Romer and Romer pointedly criticize Fed Chairman Ben Bernanke and other Fed board members for their public views, mildly reminiscent of the 1930s Fed, that “monetary policy tools are not very effective and potentially costly.” As such, they are encouraged by the recent Fed move to target unemployment and indefinitely continue its bond buying strategy until that target is hit as long as inflation remains anchored. (Christina Romer has advocated the Fed switch to NGDP level targeting, so this is hardly surprising.) Romer and Romer:
The view that hubris can cause central bankers to do great harm clearly has an important element of truth. A belief that monetary policy can achieve something it cannot—such as stable low inflation together with below-normal unemployment—can lead to the pursuit of reckless policies that do considerable damage.
But the hundred years of Federal Reserve history show that humility can also cause large harms. In the 1930s, excessive pessimism about the power of expansionary monetary policy and about its potential costs caused monetary policymakers to do little to combat the Great Depression or promote recovery. I … We have stressed that it is too soon to reach conclusions about recent developments. But, faced with persistent high unemployment and below-target inflation, beliefs that the benefits of expansion are small and the costs potentially large appear to have led monetary policymakers to eschew more aggressive expansionary policy in much of 2010 and 2011. In hind-sight, these beliefs may be judged too pessimistic. …
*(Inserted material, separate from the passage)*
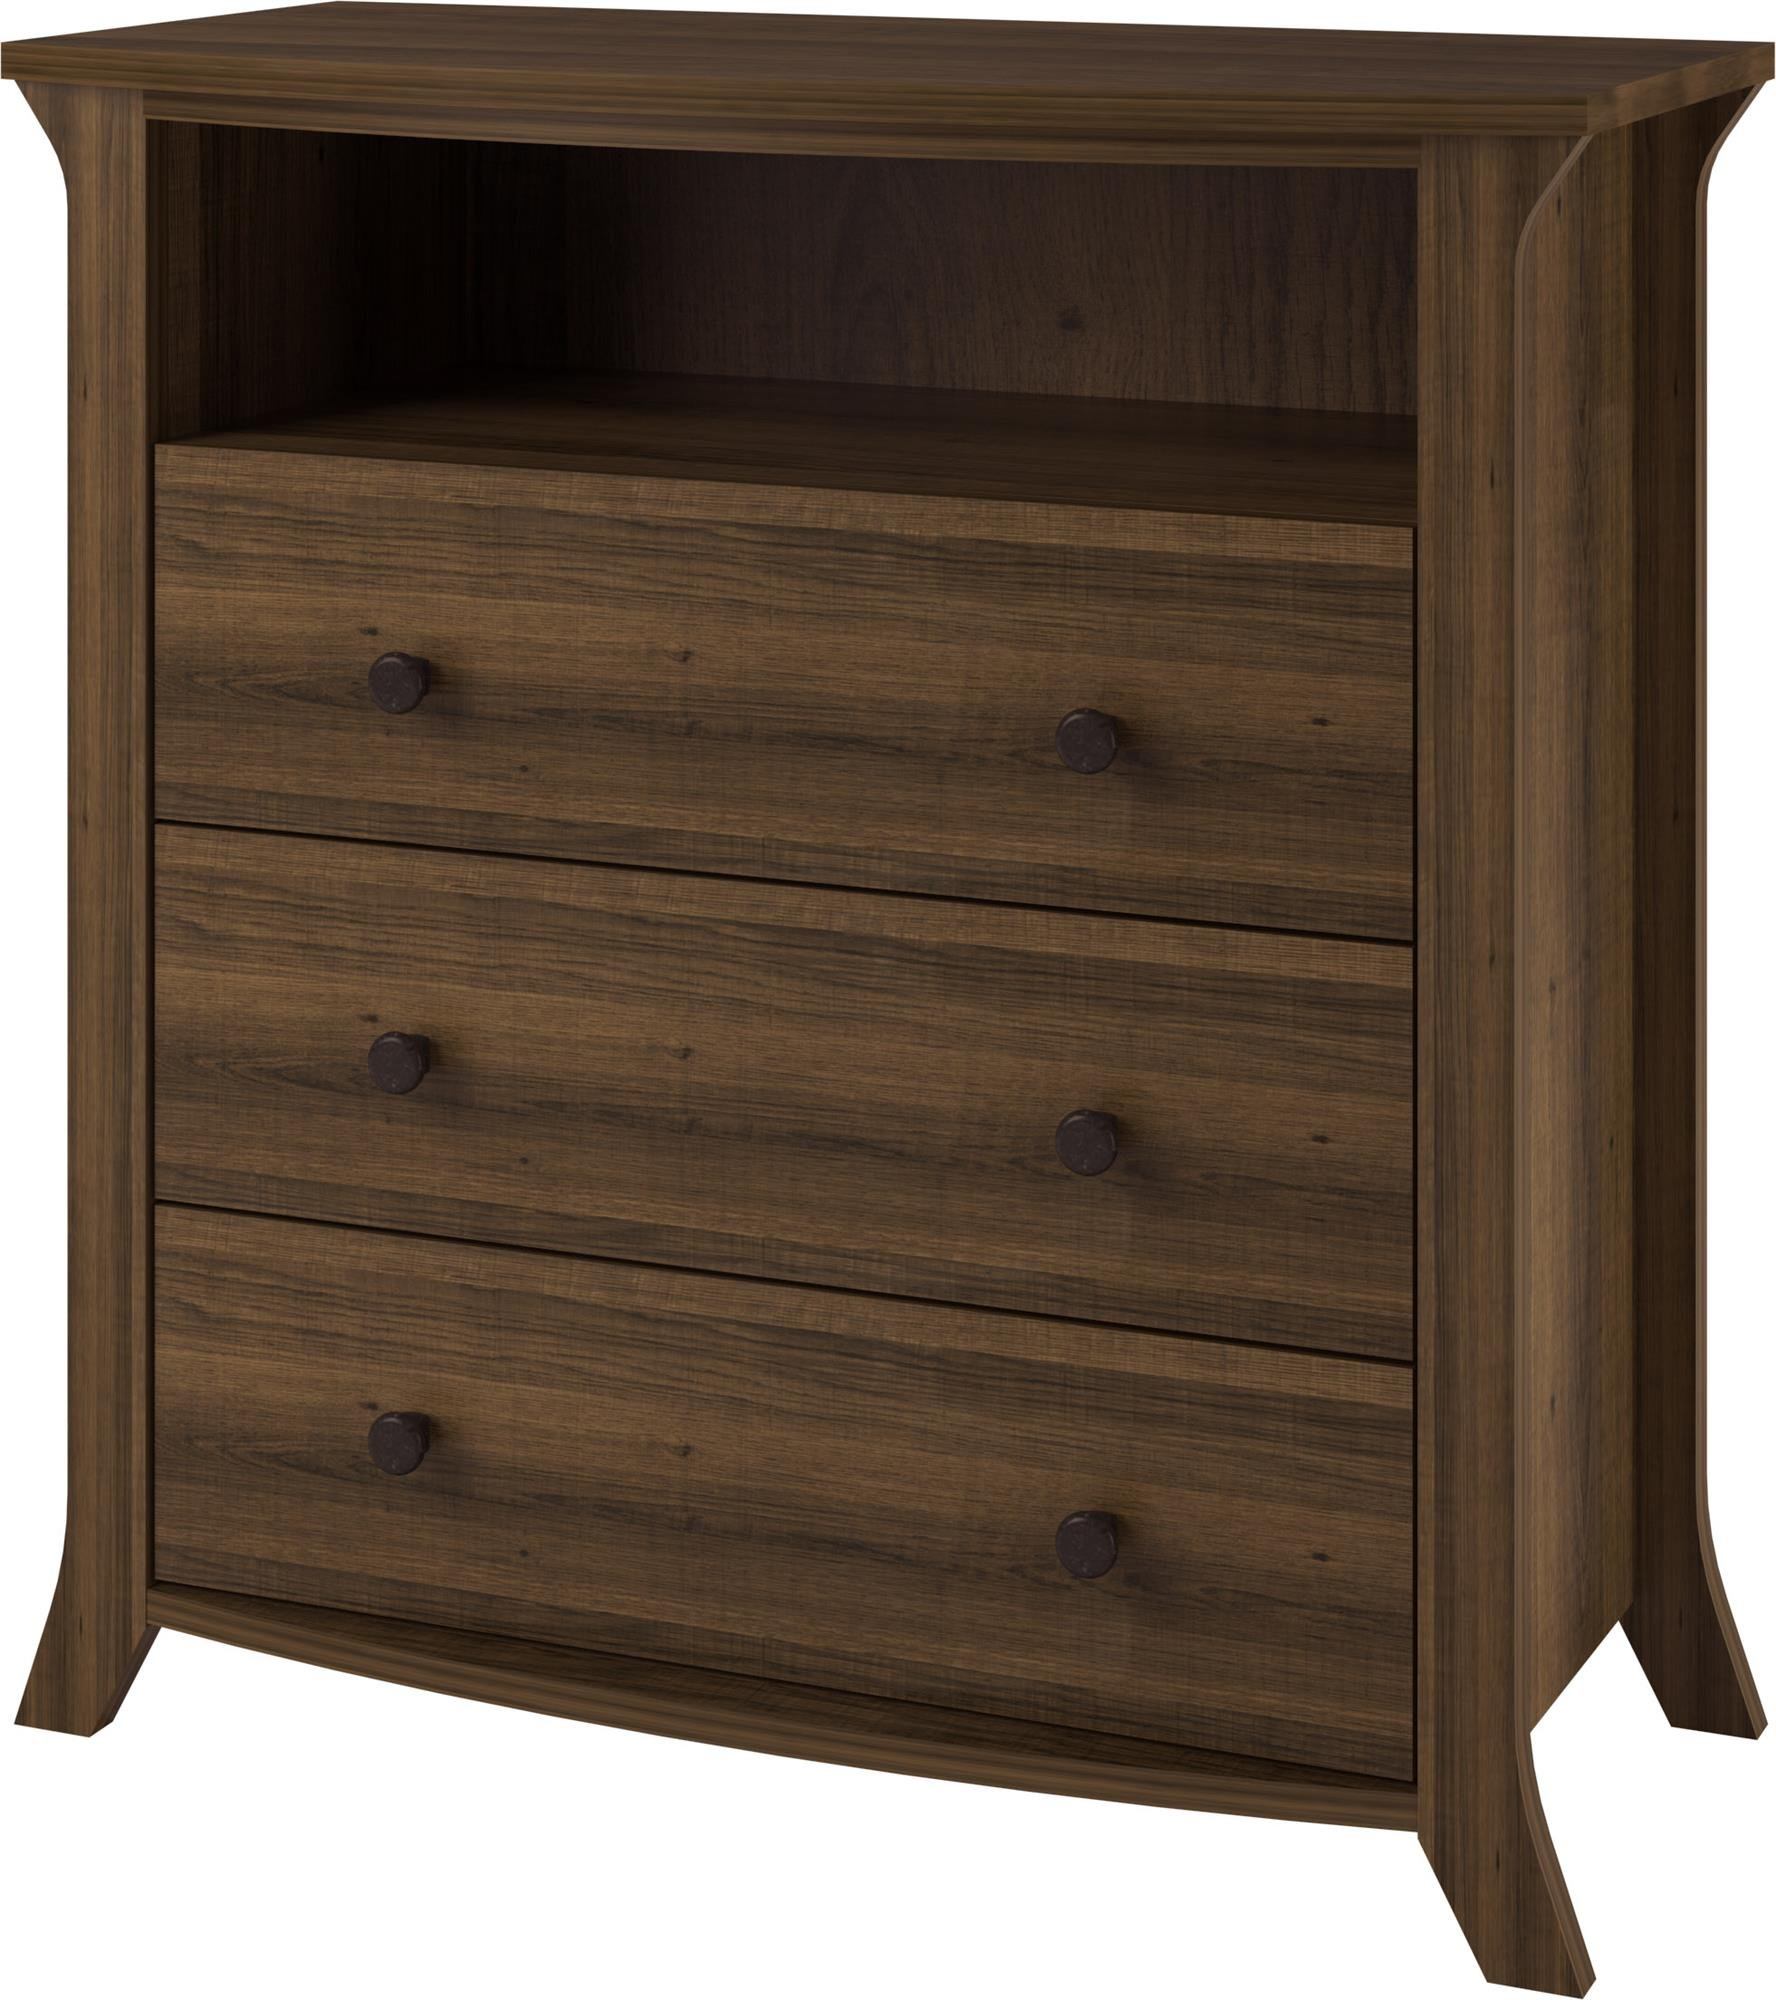 Ameriwood Home Oakridge 3 Drawer Media Dresser, Brown Oak

One possible conclusion is that a central banker should have a balance of humility and hubris. A central banker needs to have a sound knowledge of both the limitations and the powers of monetary policy. Thus, the most important characteristic to look for in central bankers is not their inherent optimism or pessimism about the effectiveness of monetary policy, but rather their understanding of how the economy works and the possible contribution of policy.
The Romer and Romer paper is part of the annual meeting of the American Economic Association. The duo also write another excellent paper on monetary policy, “Friedman and Schwartz’s Monetary Explanation of the Great Depression: Old Challenges and New Evidence.” In it, Romer and Romer establish a link between monetary shocks and expectations of deflation in the central years of the downturn—1930 and 1931–by examining the business press of the era:
We find evidence that these professional observers did indeed expect deflation in substantial part because of Federal Reserve behavior and monetary contraction. This suggests that monetary shocks in the Depression may have affected output and employment by raising real interest rates.